OK, maybe this story needs an extra warning. Don't wanna spoil anything though. Let's just say it's going to get a lot darker and I didn't put it in the 'horror' genre for nothing.
THE HOUSE
Chapter 4: Freak
Danny was sitting on his sleeping bag, making sure his hands stayed away from the cold floor. For some reason he didn't like touching the cold, rough wooden planks, they made him feel as if there was something creeping up on him, like invisible tiny ants scurrying over his arms.
They had moved to the other side of the room, close to the back windows, as far away from the broken front windows as they could, and they had placed the candles behind the overturned side table to keep them out of the wind. Still, the flames flickered and danced, making their grotesquely deformed shadows on the walls move as if they were surrounded by demons. Other than that, everything looked completely normal, or at least as normal as one can get in an old abandoned house with broken windows and a thunderstorm outside.
Dash and Kwan were sitting with their backs against the wall, still dripping water on the floor. Sam was sitting on her own sleeping bag and Tucker again had his laptop in front of him, his face looking almost pale in the glow from the screen. They were all looking at Danny, as if he somehow had the answer to all the strangeness going on.
"I always knew you were a freak," Dash said suddenly, looking darkly at the figure sitting slumped on his sleeping bag, his head hanging, his face obscured by his hair.
Danny cringed, because he knew Dash was right and because the remark had caused the whispering voice, which had been quiet for a while, to start again.
"Freak... freak... freak..."
He tried to ignore the voice. He didn't know what to do about it, he didn't want to admit to his friends he heard it, not with Dash and Kwan present. And he certainly didn't want to tell them what had happened in the hallway earlier.
He had been looking at his tormentors, sprawled on the floor, defenseless for the moment and he had been acutely aware of the power he held. He could destroy them in an instant and he had started counting the ways he could do just that, freezing them to death, or burning them with his new found fire power, lift them in the air and dropping them from high altitude, turn them intangible and bury them under ground so that they would choke, fry them with an ecto blast...
Then he had caught Dash staring at him fearfully and he had realized that his thoughts showed on his face somehow. He had pushed it all away, but it had left a bad taste in his mouth.

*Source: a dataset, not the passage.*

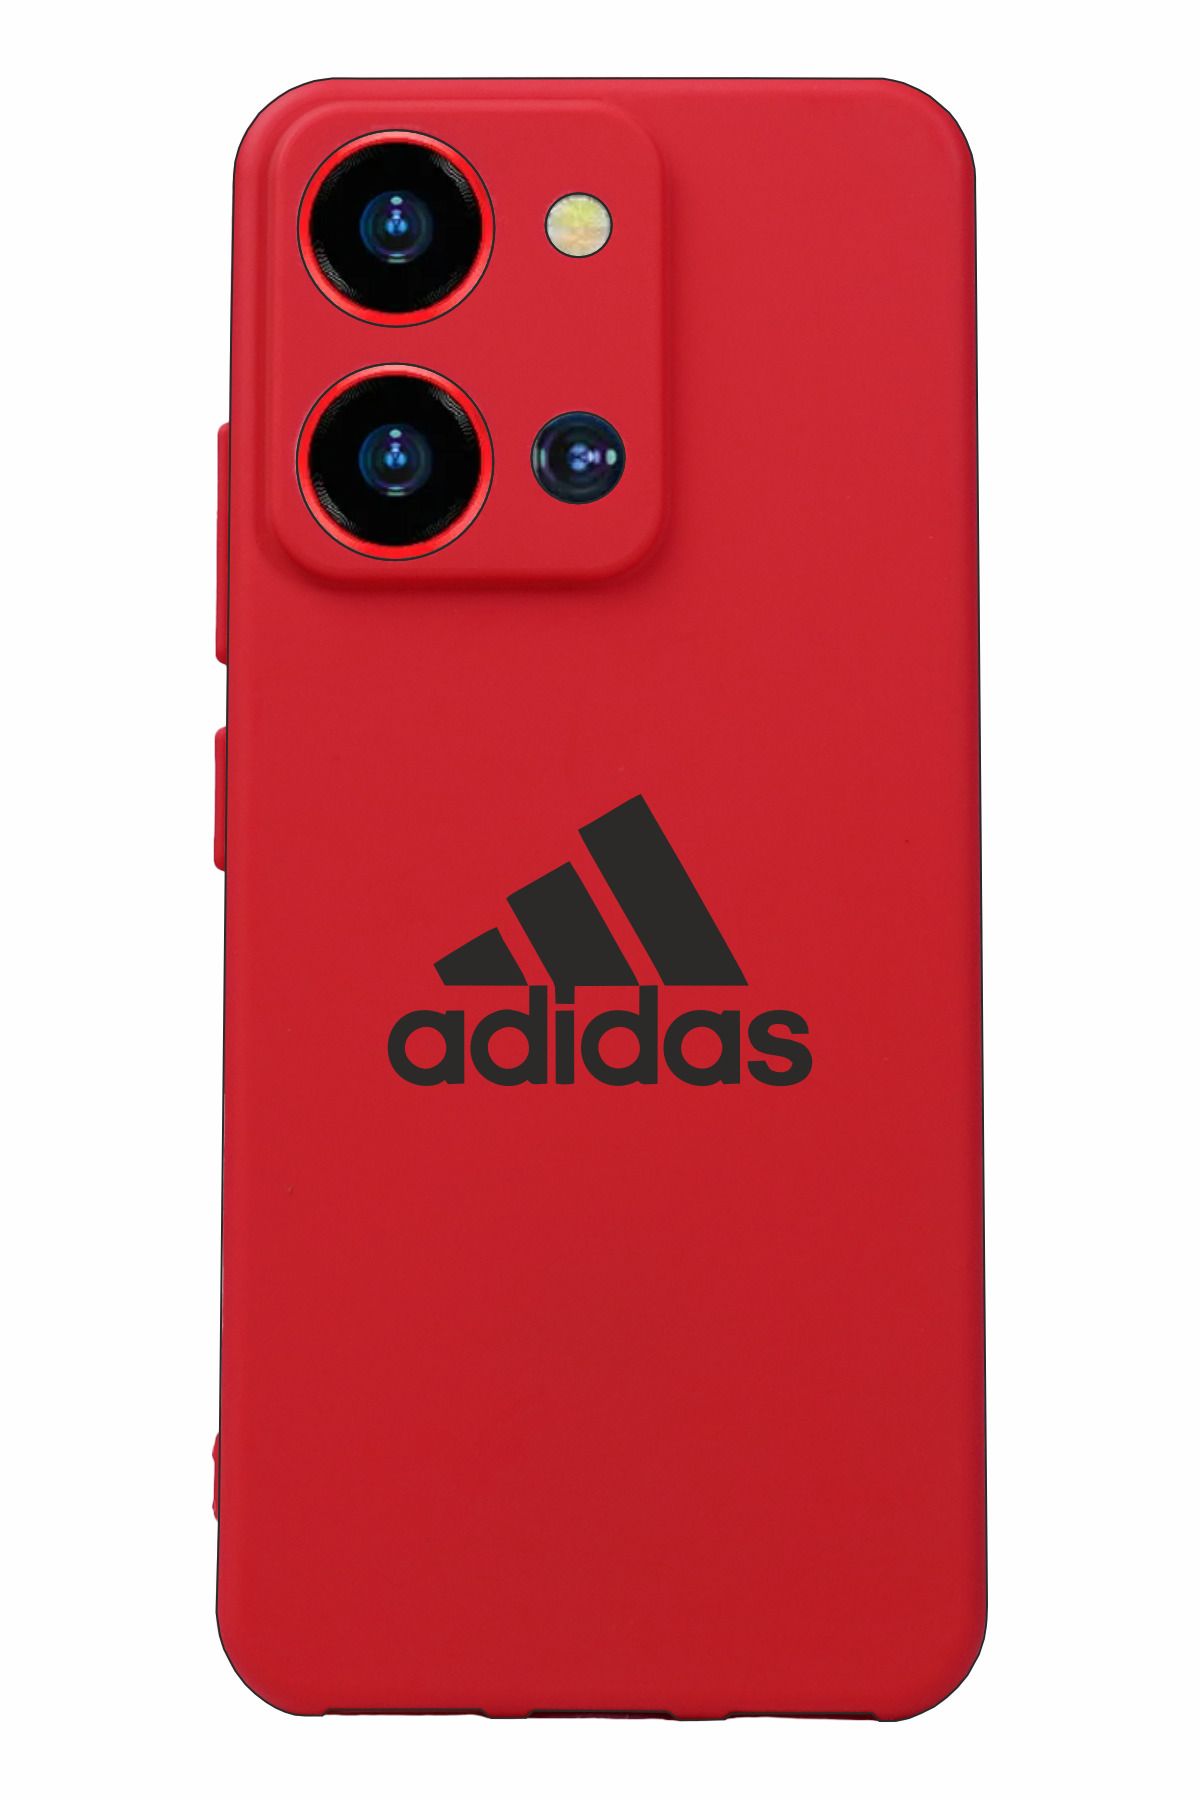 Reeder S19 Max Pro S Zoom Baskılı ve Kamera Korumalı Kırmızı Renk Silikon Kılıf

"Big bully is out to get you..."
Danny sighed. Of course Dash was out to get him, he always was. Danny was his favorite punching bag and every time something went wrong in Dash's life he took it out on him and there was nothing he could do about it but run.

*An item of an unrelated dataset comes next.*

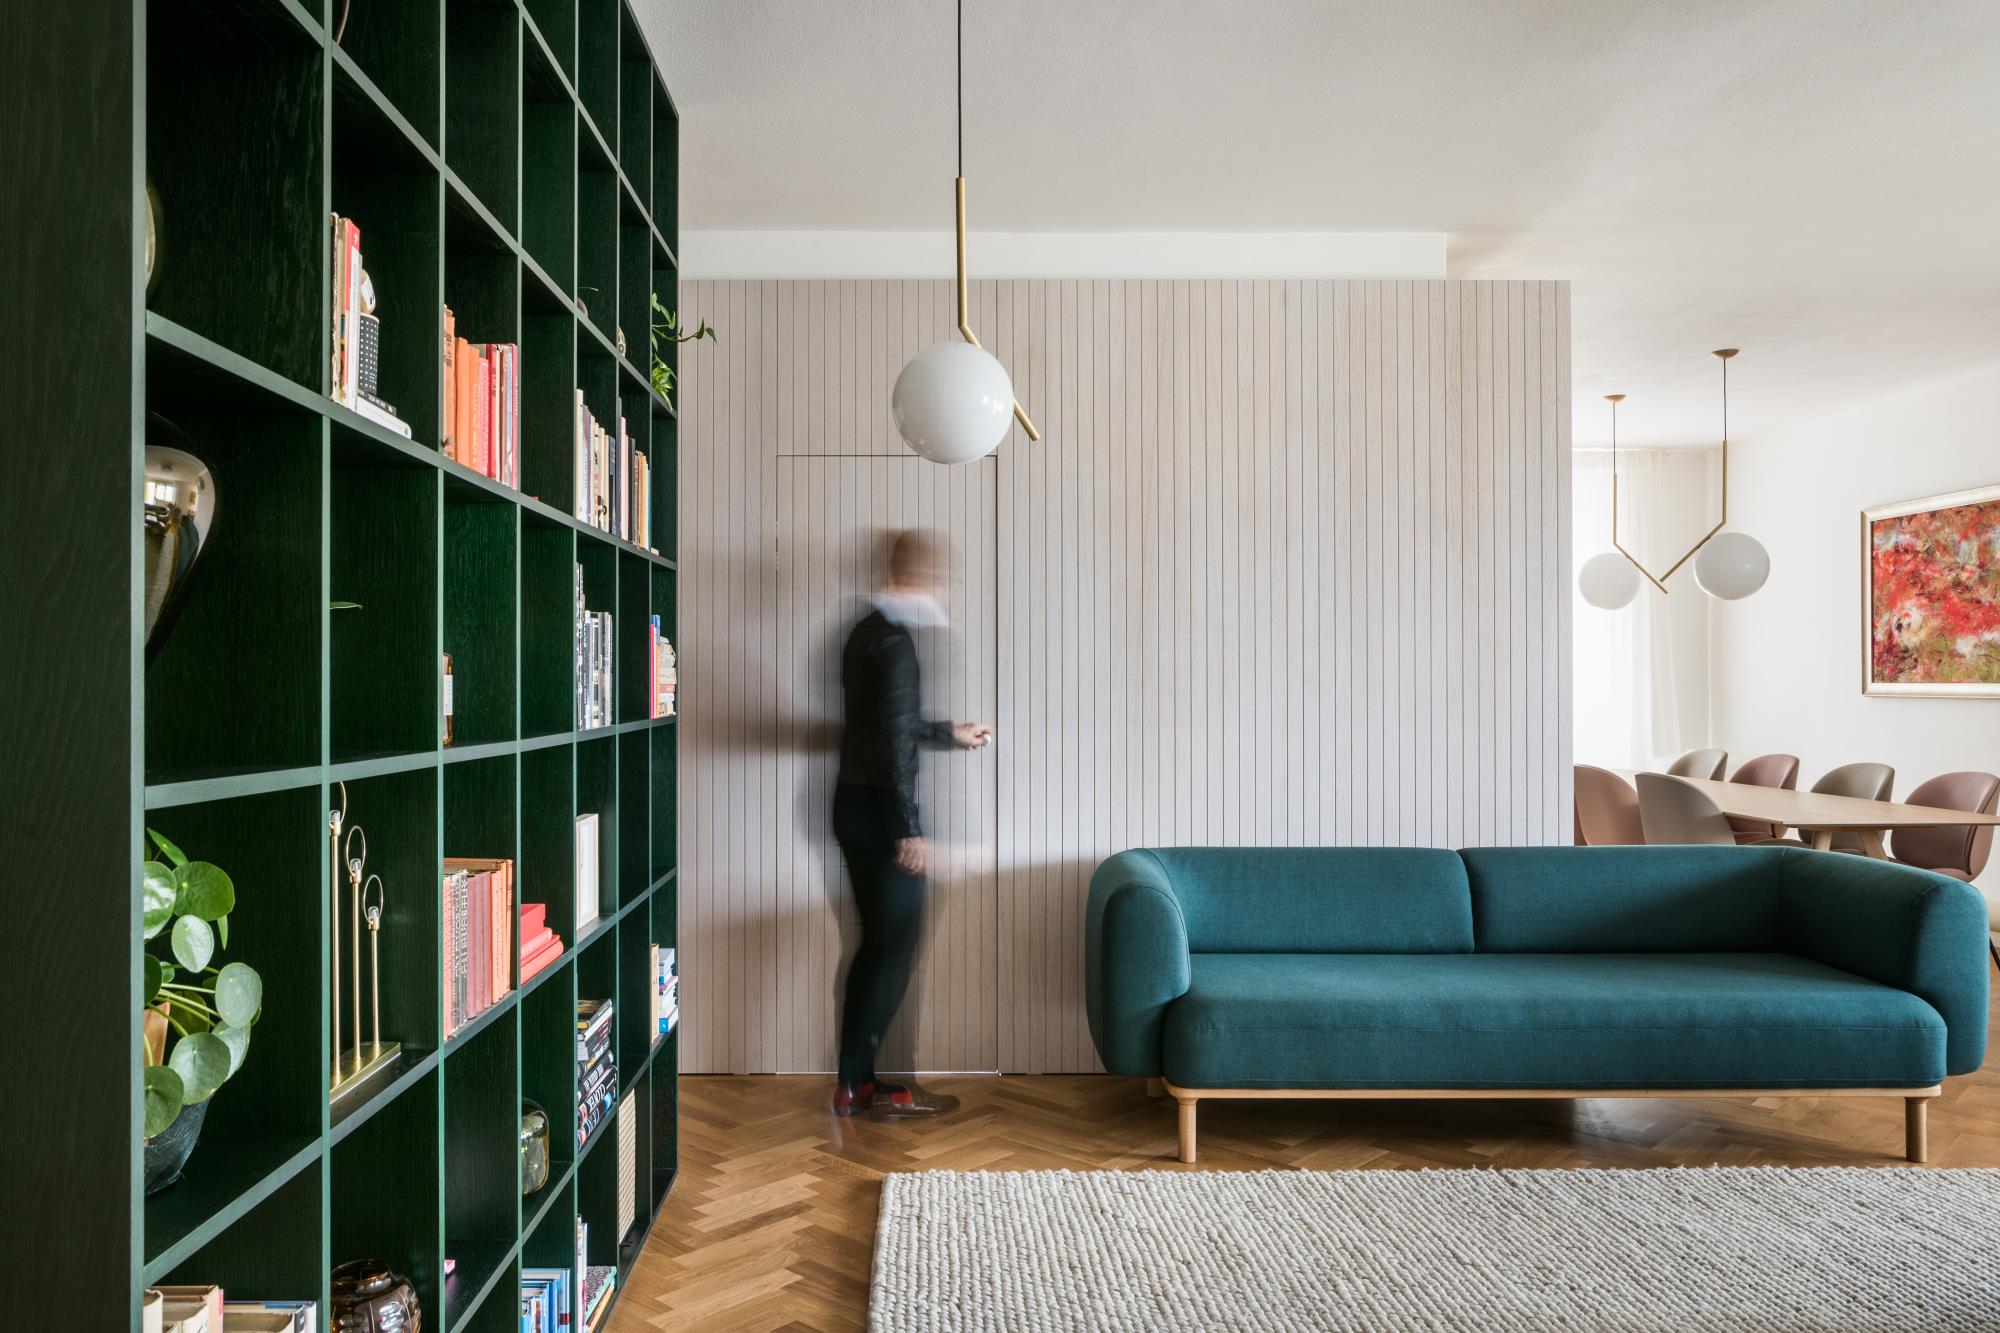 obývacia miestnosť so zelenou sedacou súpravou v zrekonštruovanom byte od architekta Alana Prokopa

"...run and hide run and hide run and hide run and hide..."
"Stop it," he hissed, clenching his fists.
He did not want to think about what had happened when the door had opened, letting the wind and hail storm through the house, knocking everybody down but him. He had felt the power of it streaming past him, the rain and hail stinging his skin, but somehow not touching him. And it had stopped when he asked it to, told it to. There was something here that responded to him, something only he could sense, hear, taste even. And still his ghost sense didn't go off.
The others were quietly chatting now, Tucker citing from the research he had done, more facts about the house, families that lived here, construction that had been done to the house and then something that really caught their attention.
"Wow," Tucker said, "Listen to this. This is from an old newspaper article from the seventies, but it was online because somebody used it as a reference in an article: Police are still searching for fifty year old Agnes Flieke, the nanny from the Jarvis family who is responsible for the death of ten month old Anthony Jarvis. Young Anthony was found slain in his cot in the Jarvis home on Tulla Drive, otherwise known as 'Bone House'."
Tucker's voice faltered at that.
"I.. I saw that," he said, "Upstairs...in his room... I went in there and... then I saw."
"What do you mean you saw," Dash said impatiently, "That happened like what, thirty years ago. How can you see something that happened thirty years ago."
He had taken ownership of Sam's backpack and was currently rummaging through it, trying to find something to eat and ignoring her scowl. He hadn't thought of bringing anything with him, since he had expected them to come running right out. At that moment he regretted that decision, in fact, he regretted ever thinking of setting up Fentoad and his friends. But most of all he wanted to punch his cousin.
"Give me that."
The backpack was yanked from his hands and Sam stuck her hand in it, feeling around for a moment and then got out two apples. She tossed them to Dash and Kwan who, being football players, caught them instinctively. She turned to Tucker.
"There's something really wrong with this house. What did you see?"
Tucker shook his head, trying, but not really wanting, to remember what he had experienced when he was in that room upstairs.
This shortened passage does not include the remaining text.